Бенджи был великим зазывалой. Кто бы ни остановился у дверей его лавки, должен был войти внутрь. Если бы Бенджи не удалось его зазвать, это выглядело бы поражением, а Бенджи не знал поражений. Но сейчас он молчал, позволяя Чуме медлить у входа.

Молчание Бенджи было громче любого крика. Оно могло перекрыть трубные звуки стада слонов. Бандеранайке бы научиться столь громогласному молчанию. Но Чума казалась сильнее даже этого молчания. Однако, помедлив, она все-таки вошла. Переждала, прислушалась, убедилась, что безмолвный призывный крик Бенджи смолк, и переступила через порог. Подошла к нам, молча взяла в руку финджан, болтнула его и выпила остатки кофе прямо из этой медной кастрюльки. Бенджи вскочил, намереваясь сварить новую порцию кофе, но Чума остановила его коротким движением руки.

— Я получила твою записку. Где она?

Бенджи суетливо кинулся к чему-то большому, прикрытому старой бархатной скатертью. Он сдернул скатерть, и глазам предстала деревянная мадонна, покрытая облезшей краской. Плащ, как водится, синий, платье красное, нос отбит, волосы посерели от пыли и босые ноги в наростах засохшей слюны от прикладывавшихся к деревянной ступне слюнявых губ. Деревянная церковная скульптура, не лучший образец, лицо глупое, внутренней энергии ноль. Елы-палы, зачем понадобилась Чуме эта матка-боска, сработанная плохим подмастерьем?

— Ну как? Нравится? — спросила меня Чума.

Я осторожно пожала плечами. Не перебивать же Бенджи торговлю!

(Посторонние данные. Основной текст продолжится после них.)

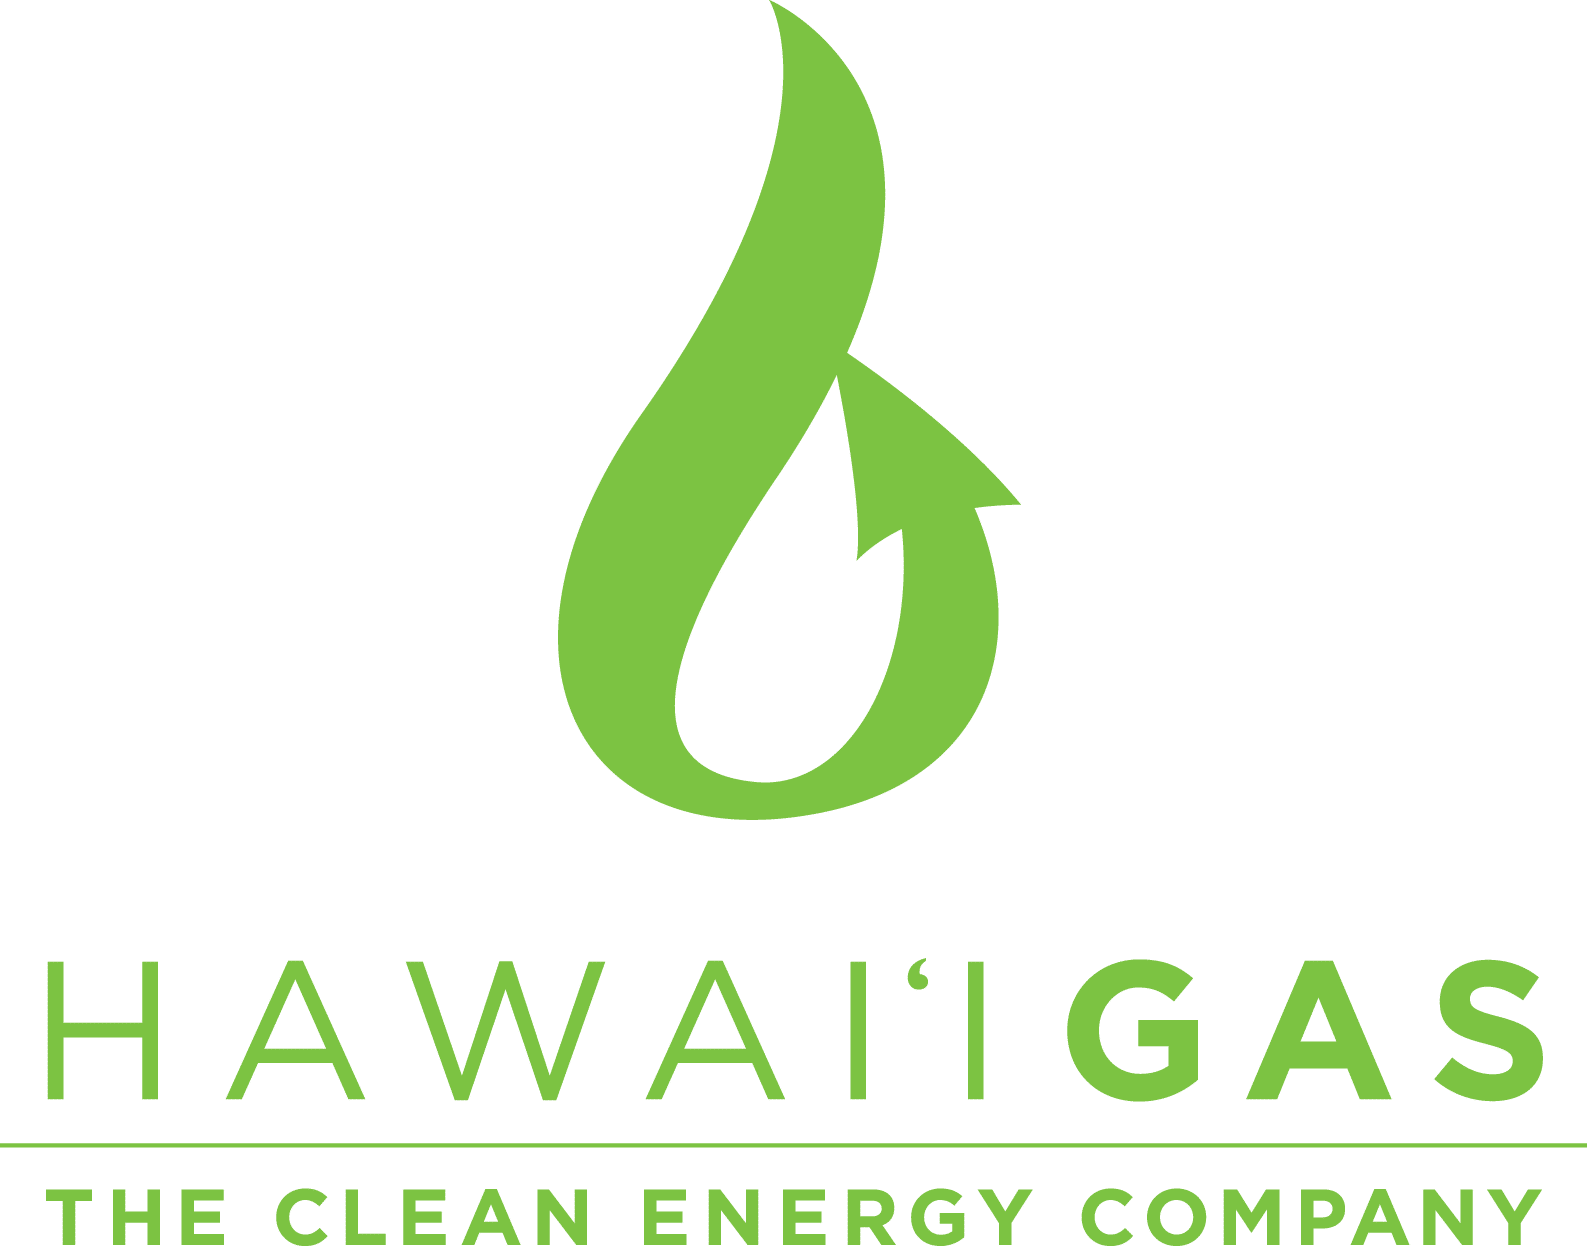 Hawaii Gas logo
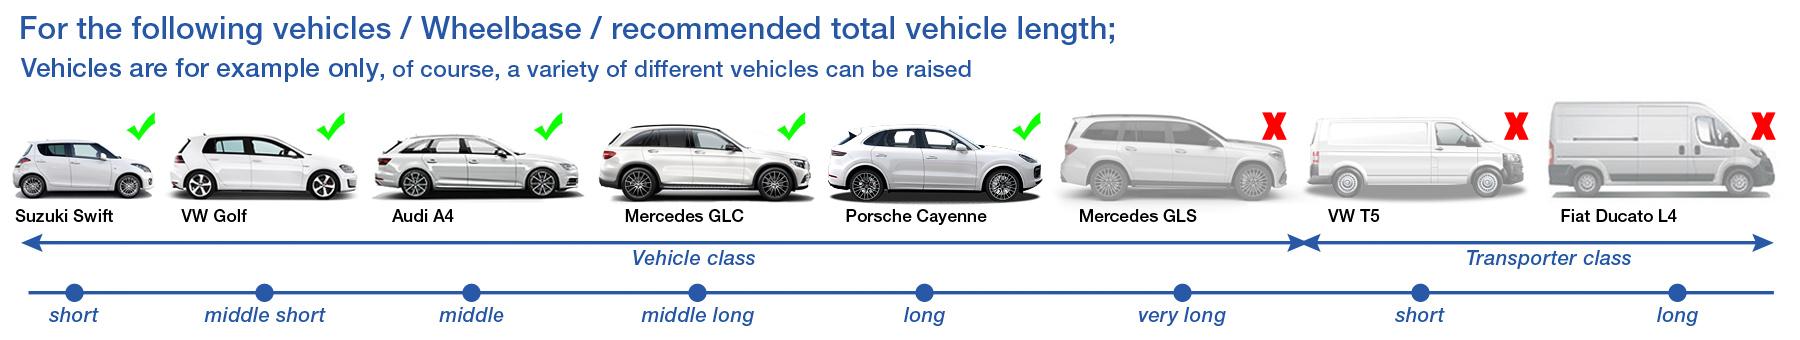 Vehicle type Wheelbase

— А мне нравится, — сказала Чума с вызовом. — Как раз то, что надо, чтобы устроить Шмулику понос.

Я не очень-то понимала, как именно деревянная мадонна, уволенная из церкви по старости или украденная из нее по просьбе Чумы, могла устроить понос какому-то Шмулику.

— Беру, — сказала Чума. — Сколько?

— Она ничего мне не стоила, — просительно взглянул на Чуму Бенджи.

— Назови цену, я дам вдвое больше, — спокойно ответила Чума.

— К которому часу доставить?

— Сама заберу. Сейчас. Вот она поможет мне донести, — Чума кивнула в мою сторону. — Это твоя русская, правда? Я согласна с ней познакомиться. Заверни куклу в скатерть и свяжи концы, — велела, повернув в мою сторону лицо градусов на семнадцать.

Я совершенно не собиралась подчиняться приказам этой дамы.

— Это рядом, — обратилась ко мне Чума неожиданно ласково. — А я напою тебя настоящим кофе, не этой бурдой.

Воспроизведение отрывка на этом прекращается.